- Your instructions
Using the listing below, output only the lines from the one that contains "墙绘公司--江南壁画艺术工作室 幼儿园边框装饰图片展示_幼儿园边框" through the one that contains "пейзаж, закат, Озеро", inclusive, exactly as given and without images.

- Provided information
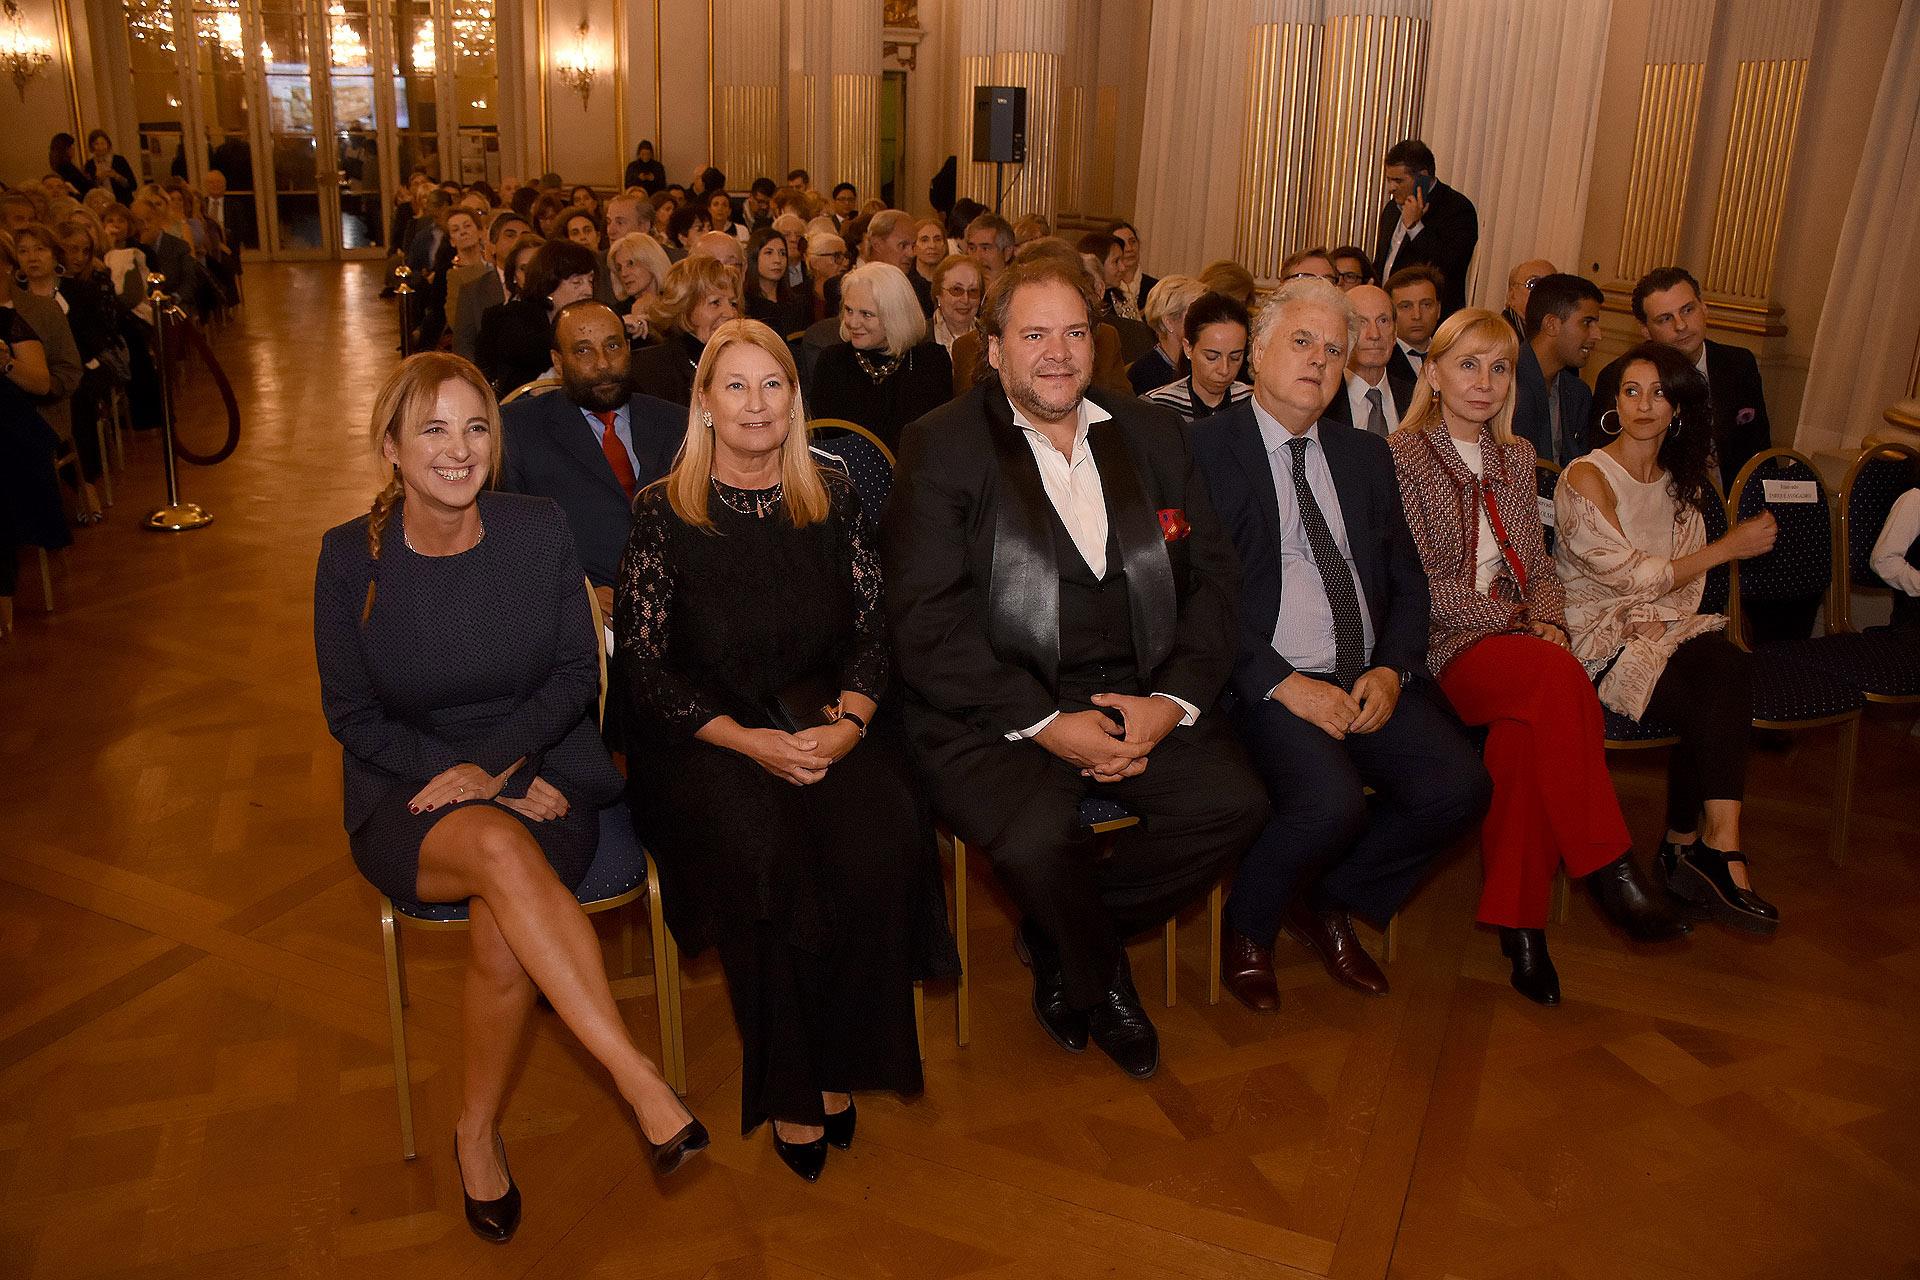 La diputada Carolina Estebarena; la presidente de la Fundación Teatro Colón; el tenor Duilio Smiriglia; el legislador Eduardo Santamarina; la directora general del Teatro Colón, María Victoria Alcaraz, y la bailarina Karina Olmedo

==

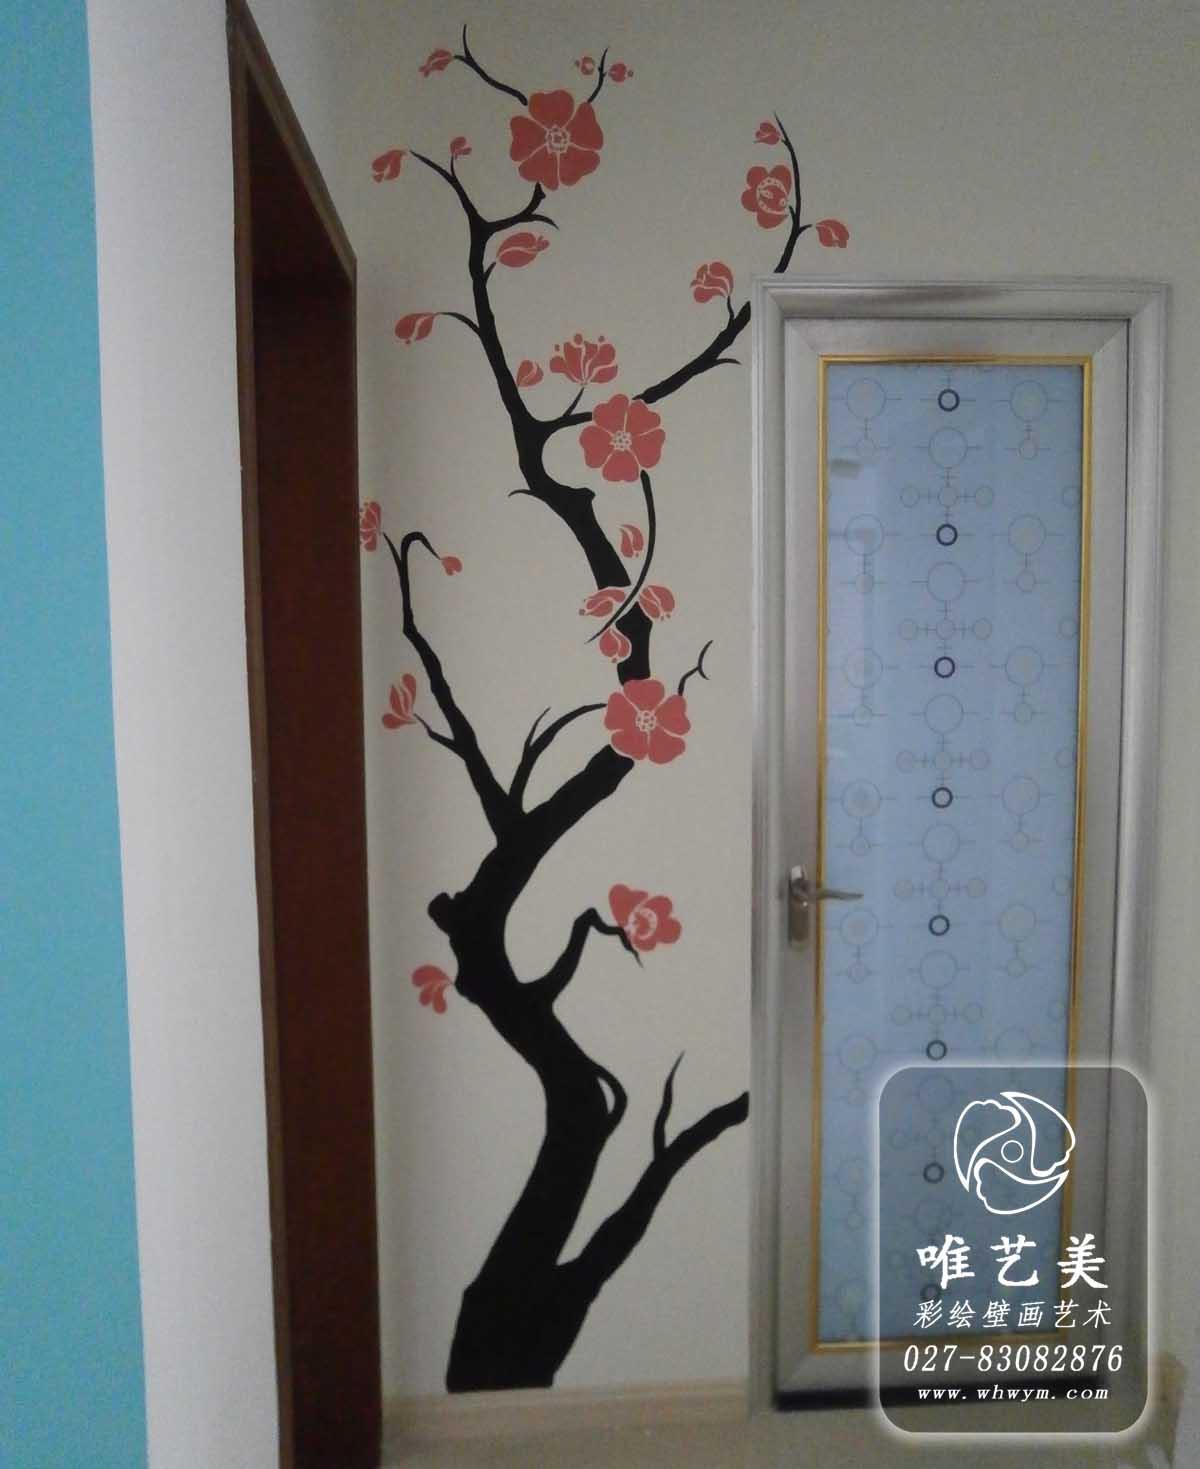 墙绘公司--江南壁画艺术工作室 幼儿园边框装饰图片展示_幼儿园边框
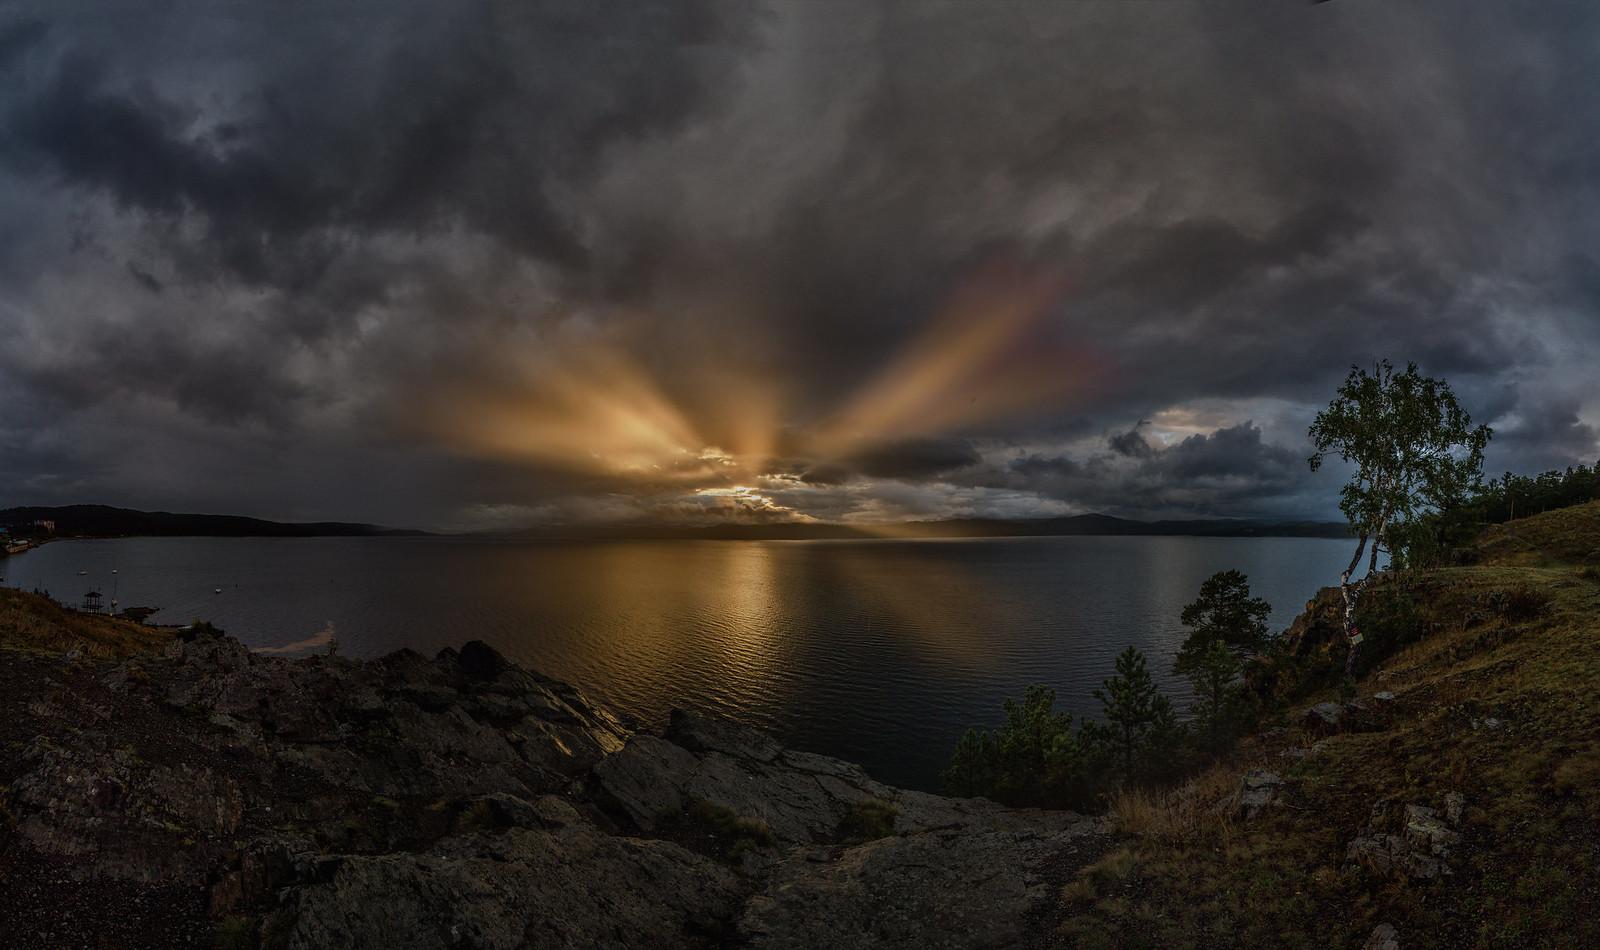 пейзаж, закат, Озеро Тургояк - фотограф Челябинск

- Answer for the task
 墙绘公司--江南壁画艺术工作室 幼儿园边框装饰图片展示_幼儿园边框
 пейзаж, закат, Озеро Тургояк - фотограф Челябинск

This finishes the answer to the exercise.